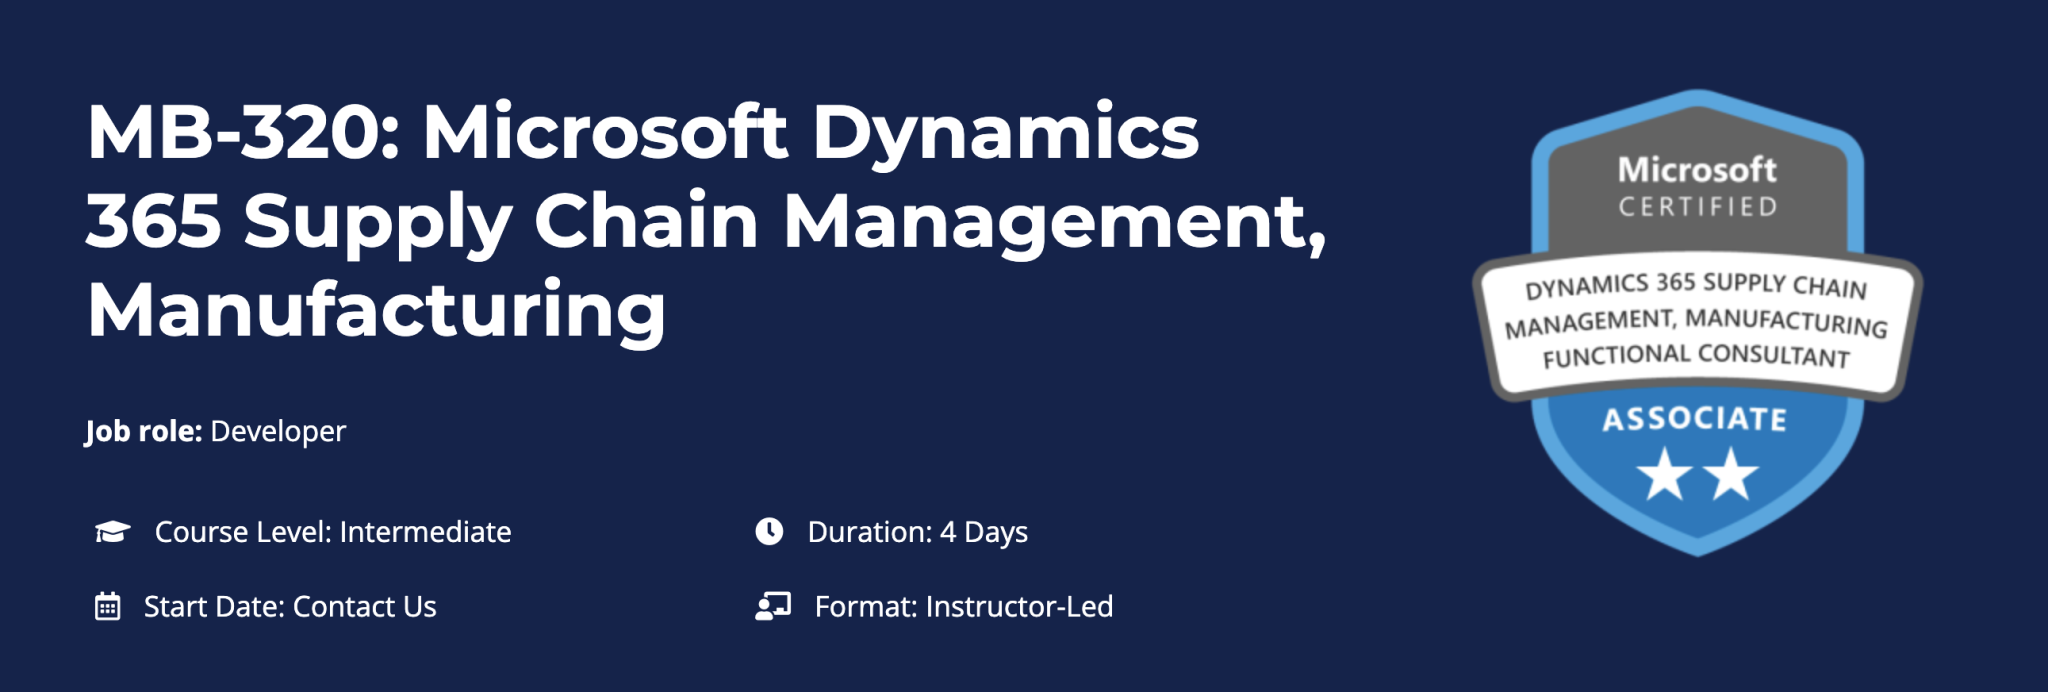 MB-320: Microsoft Dynamics 365 Supply Chain Management Manufacturing
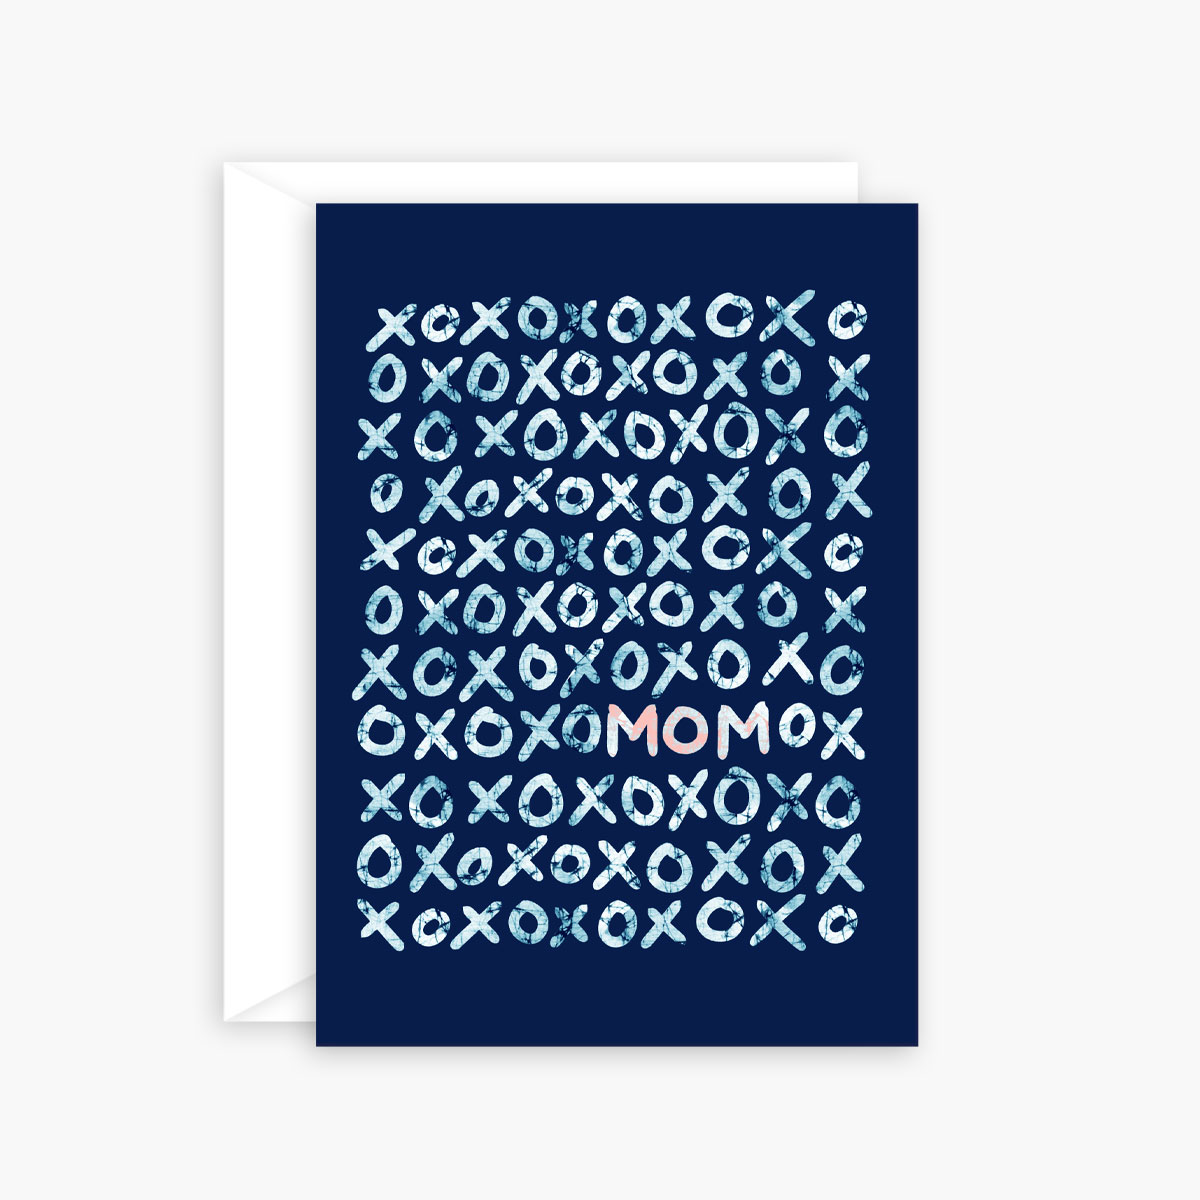 XOXO (hugs & kisses) for Mom – Mother’s Day card (blue)
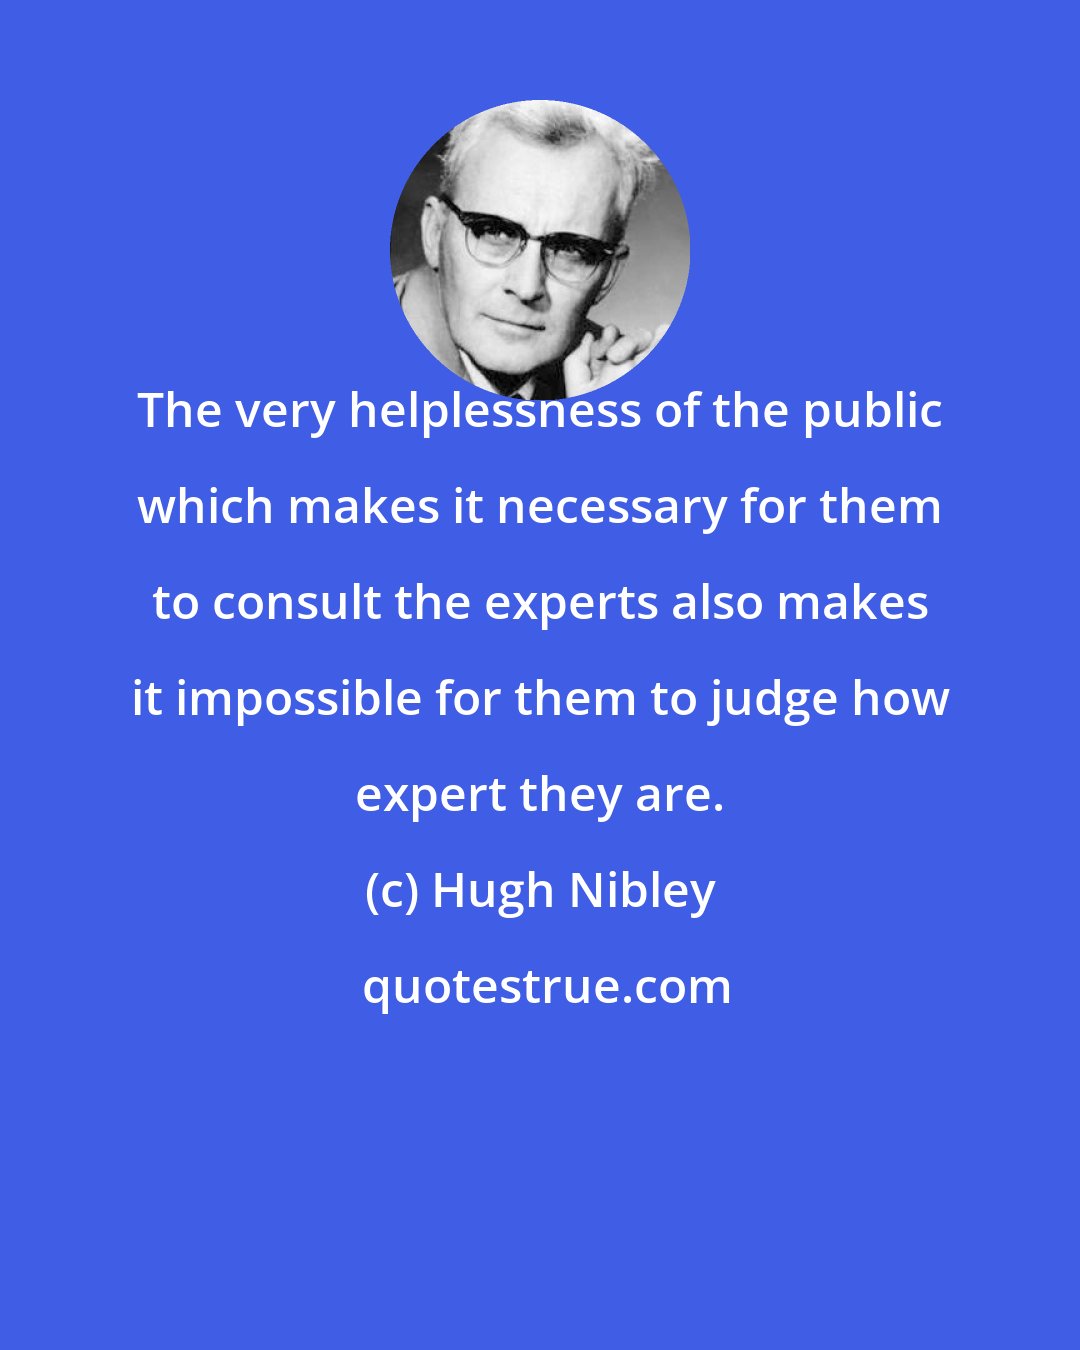 Hugh Nibley: The very helplessness of the public which makes it necessary for them to consult the experts also makes it impossible for them to judge how expert they are.
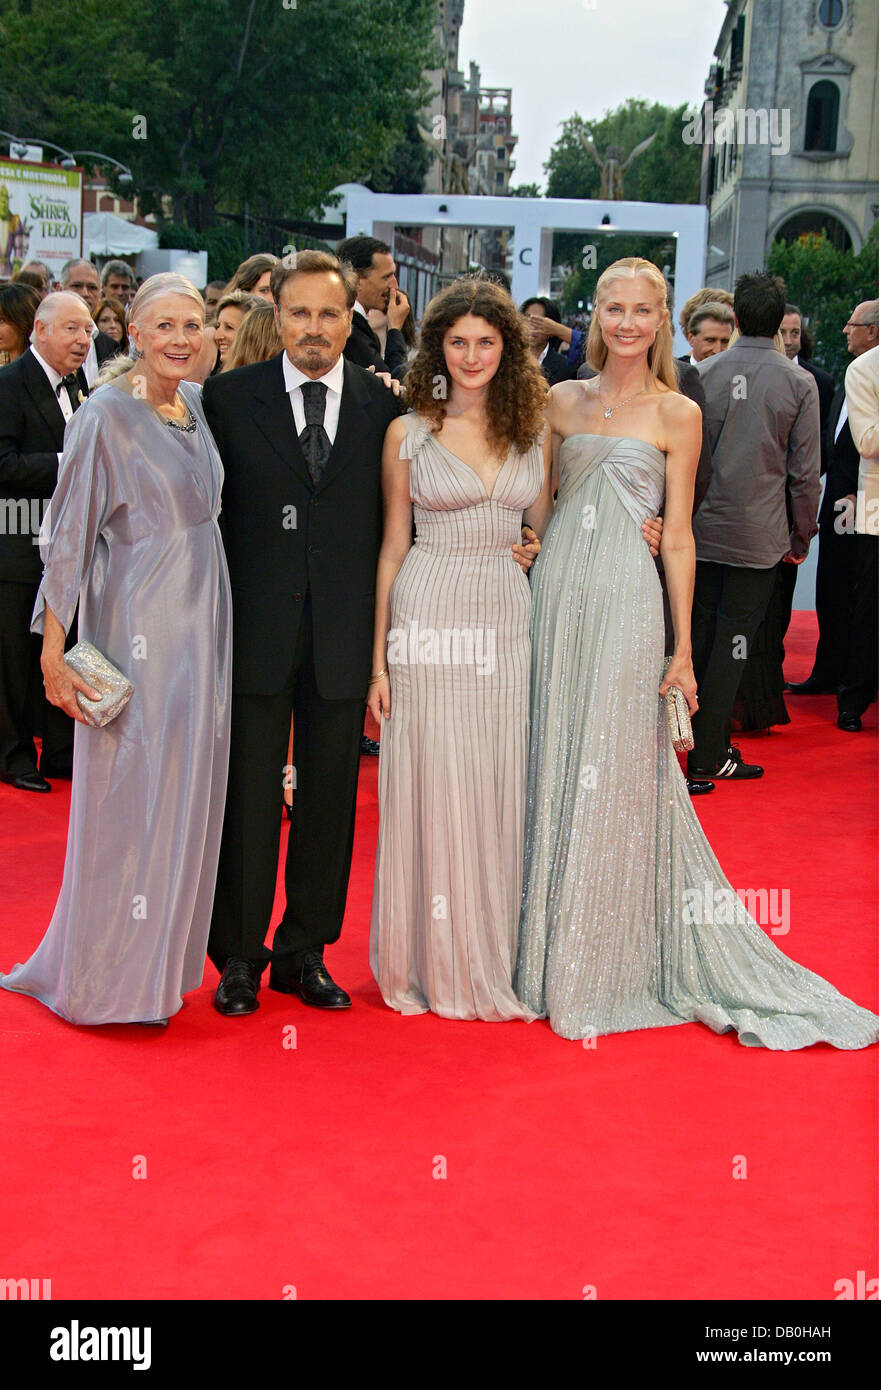 Vanessa Redgrave (L-R), Franco Nero, Daisy Bevan and Joely Richardson arrive at the premiere of the film 'Atonement' at the opening of the 64th International Venice Film Festival at Palazzo del Casino in Venice, Italy, 29 August 2007. Photo: Hubert Boesl Stock Photo
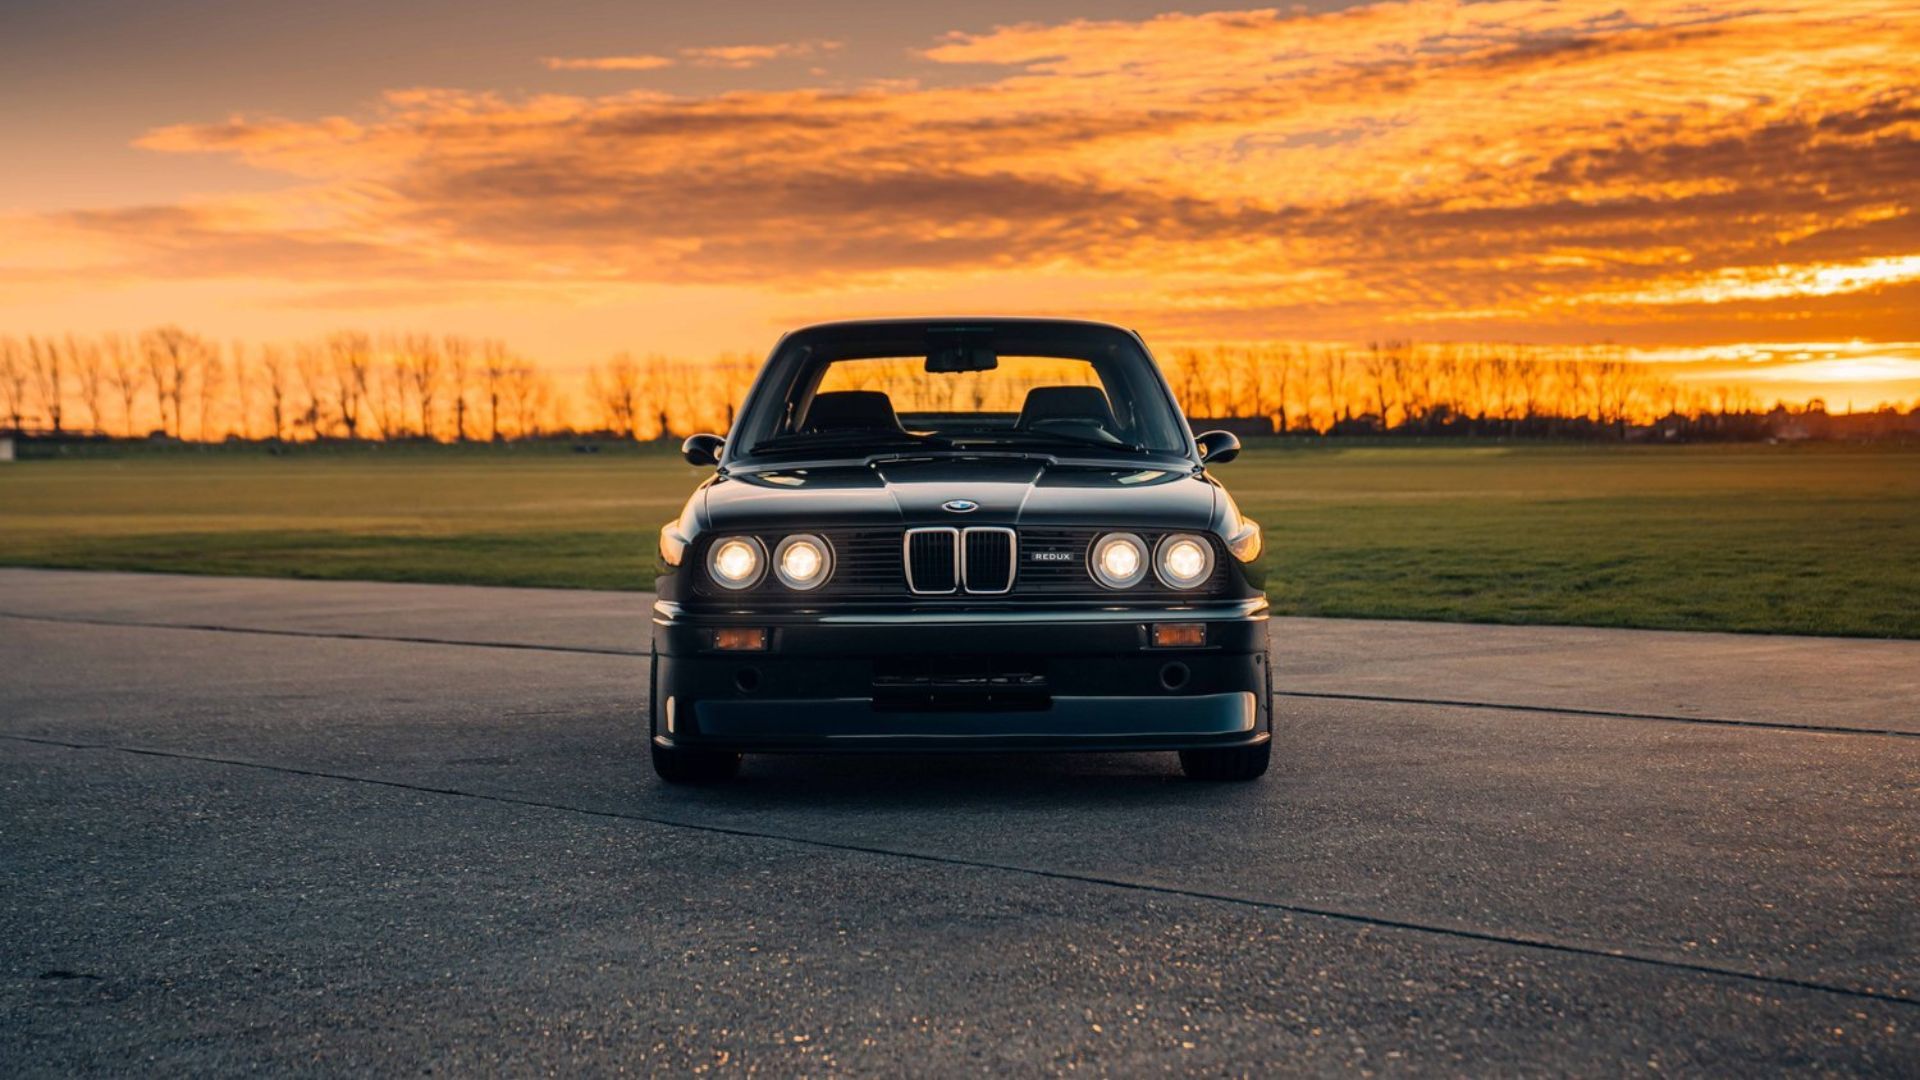 The BMW E30 M3 Restomod: A Fusion Of Timeless Design With Impressive Power

•••

What this task involves: Your copy of the entries should be exact and free of pictures.

Task response:
 MB-320: Microsoft Dynamics 365 Supply Chain Management Manufacturing
 XOXO (hugs & kisses) for Mom – Mother’s Day card (blue)
 Hugh Nibley: The very helplessness of the public which makes it necessary for them to consult the experts also makes it impossible for them to judge how expert they are.
 Vanessa Redgrave (L-R), Franco Nero, Daisy Bevan and Joely Richardson arrive at the premiere of the film 'Atonement' at the opening of the 64th International Venice Film Festival at Palazzo del Casino in Venice, Italy, 29 August 2007. Photo: Hubert Boesl Stock Photo
 The BMW E30 M3 Restomod: A Fusion Of Timeless Design With Impressive Power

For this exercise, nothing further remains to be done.